Many northerners believe the Muslim holy book, the Koran, is against limiting birth. They refer to a verse that says Allah (God) will provide for all children.

Professor Oladapo Ladipo is the president of the Association for Reproductive Health and Family Planning in Nigeria. He says another issue is the widespread belief that modern family planning is a concept imported from the West. “The other reason is religious. [Strict] religions like Catholicism, for example, do not [embrace] any of these modern methods.”
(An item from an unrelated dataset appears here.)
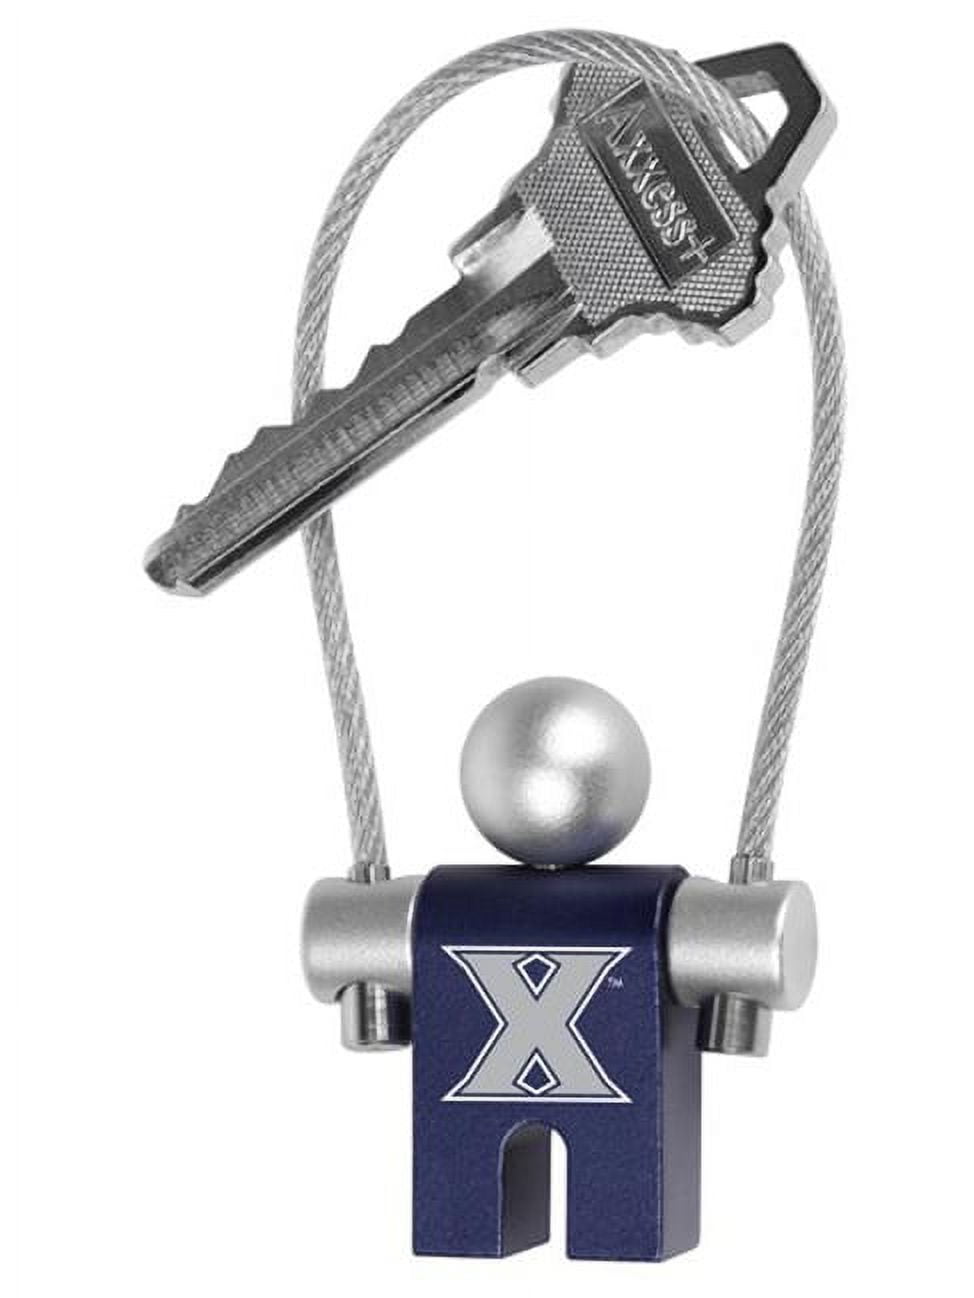 Xavier key chain 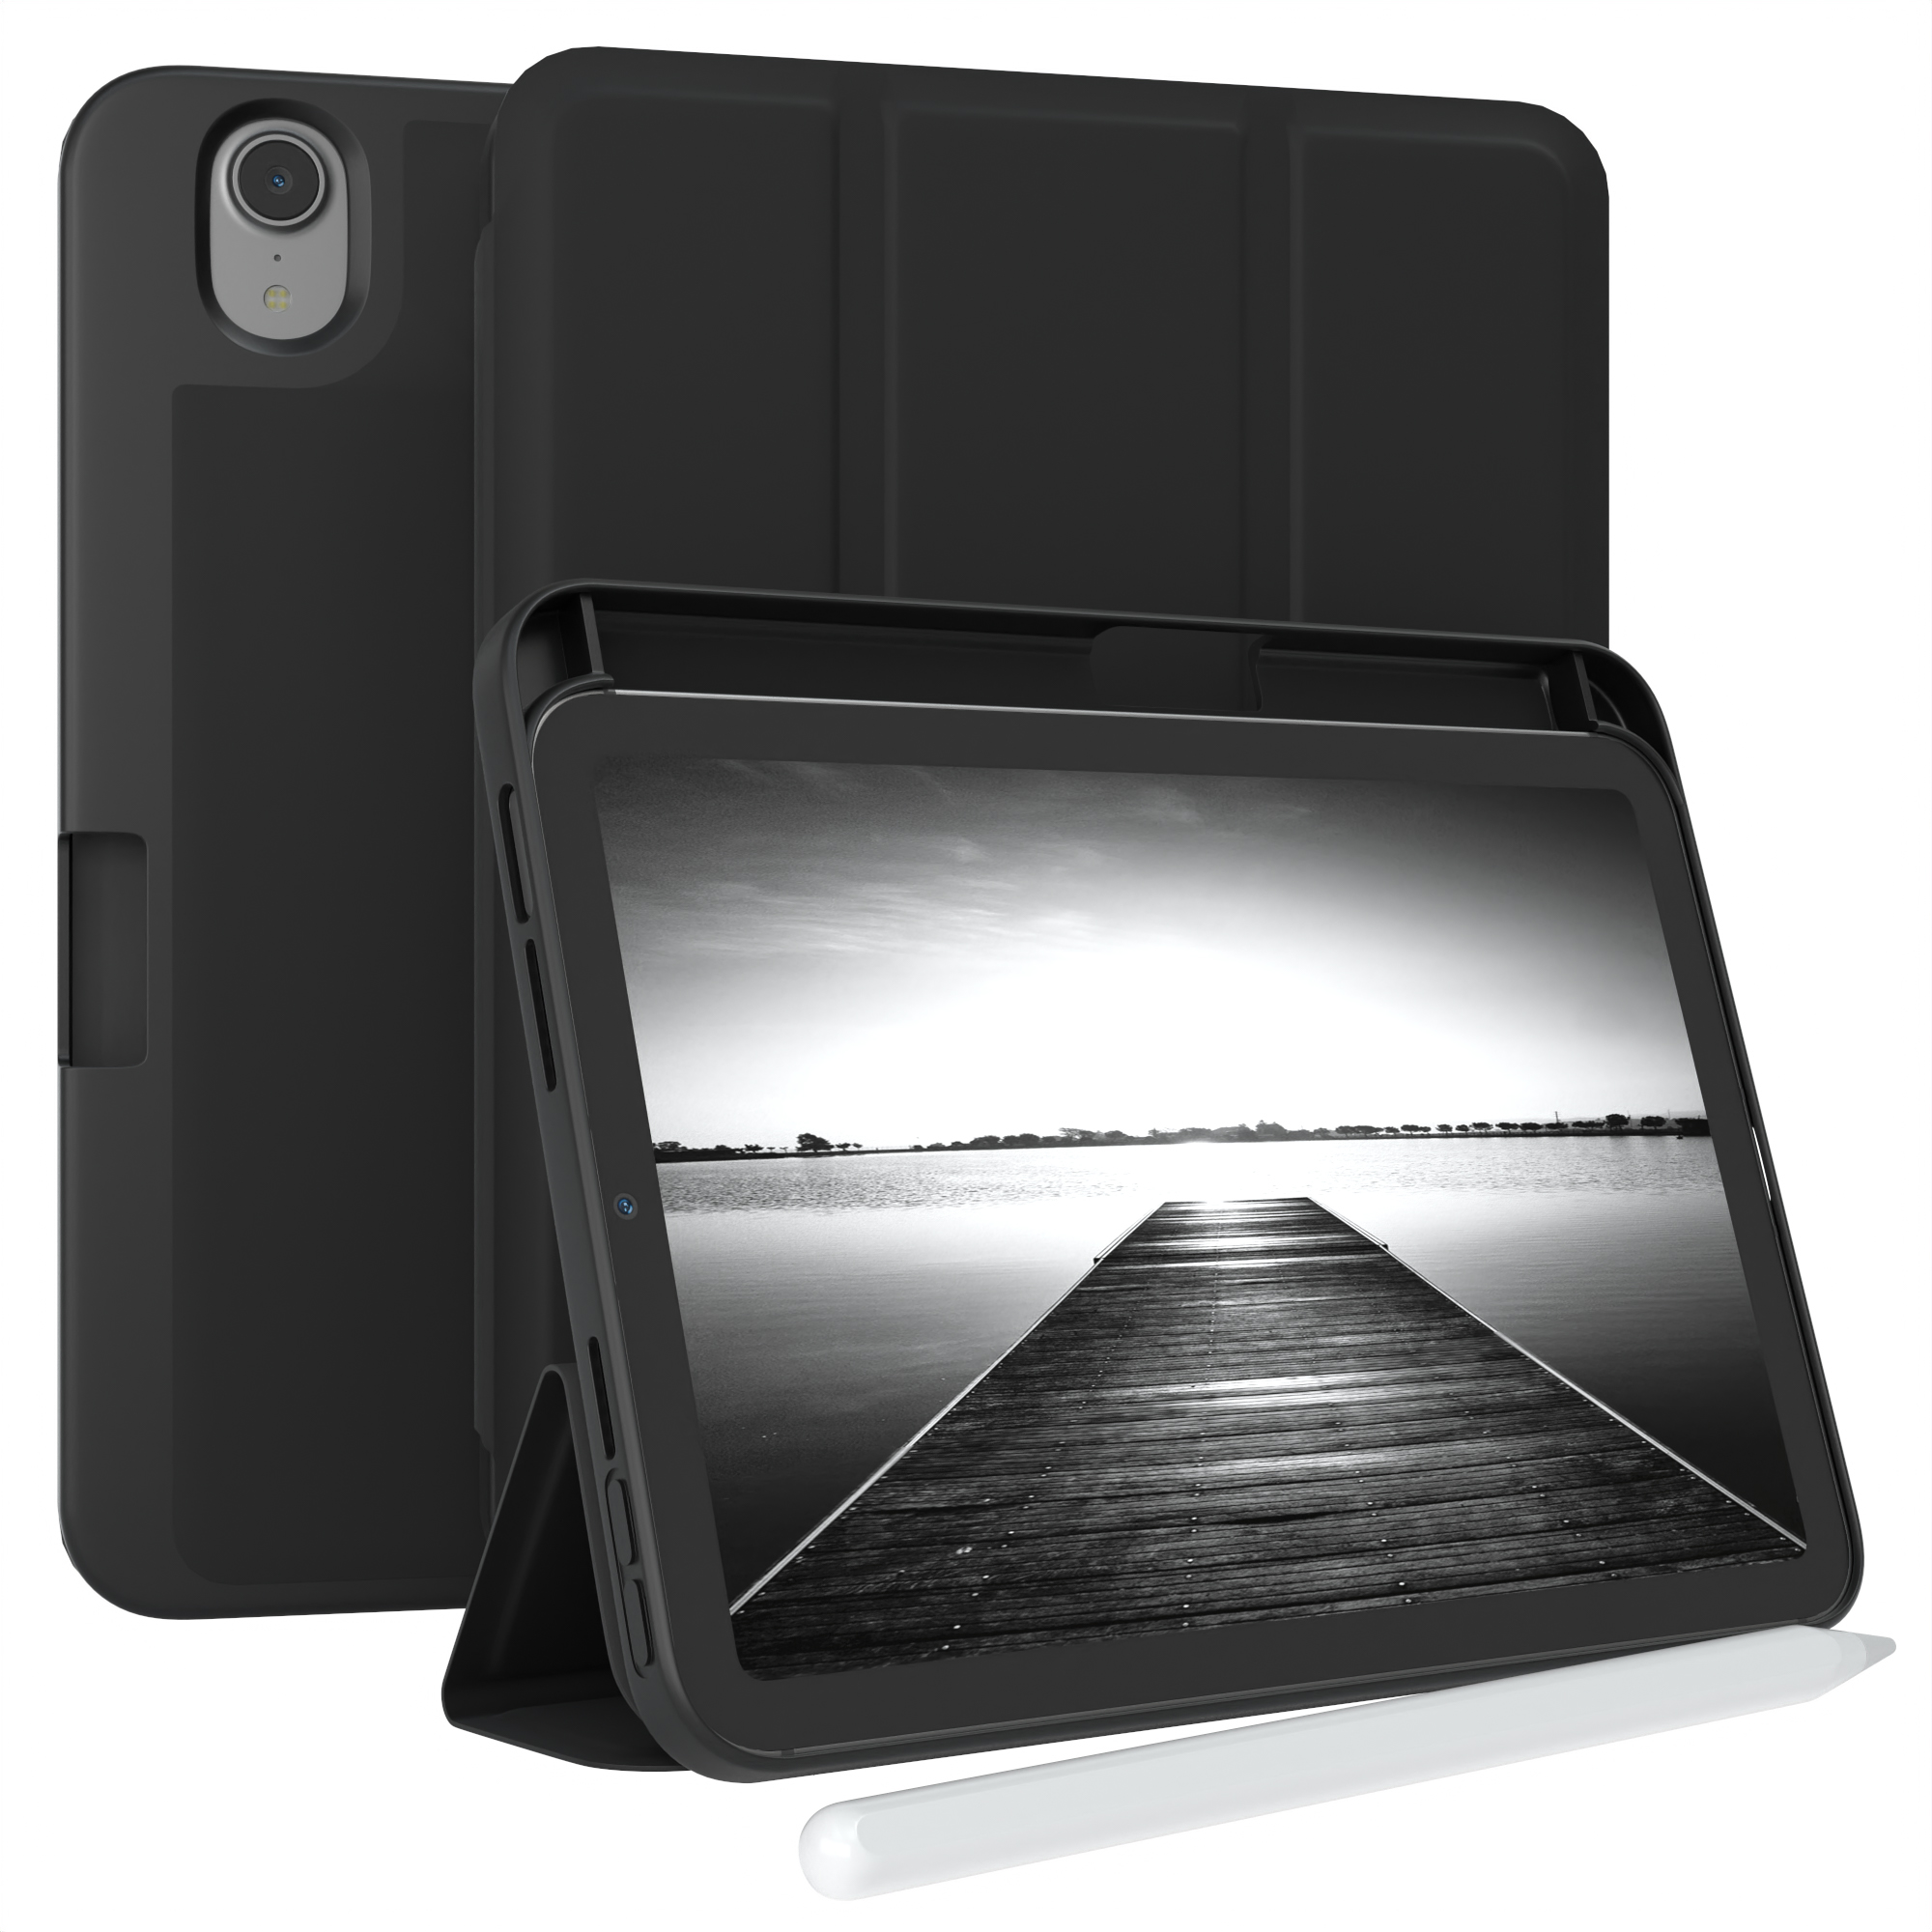 EAZY CASE Smartcase mit 2021 für Stifthalter Bookcover Mini Schwarz Tablethülle Apple Kunstleder, iPad 6

He says countries that have adopted modern family planning methods are reaping the benefits and have reduced maternal deaths:

“I give you an example - the Islamic Republic of Iran that had a high national mortality rate after the revolution. They sought the [methods from] records across the globe. The only [scientific] method of reducing that mortality they found…was family planning. And they sold the concept of family planning to their citizens. So [the] government has to sell it, the health benefits ought to be promoted and there are many benefits other than just reducing maternal deaths.”

He says Nigerians enjoy large families. For example in the 2003 national demographic survey, it showed that the average Nigerian woman has between five and seven children.

The Planned Parenthood Federation of Nigeria sends health care workers from house to house and even to places of employment to educate men and women about their options.

The group says even if Nigerians prefer a number of children, with family planning at least the health of the mother and child can be ensured.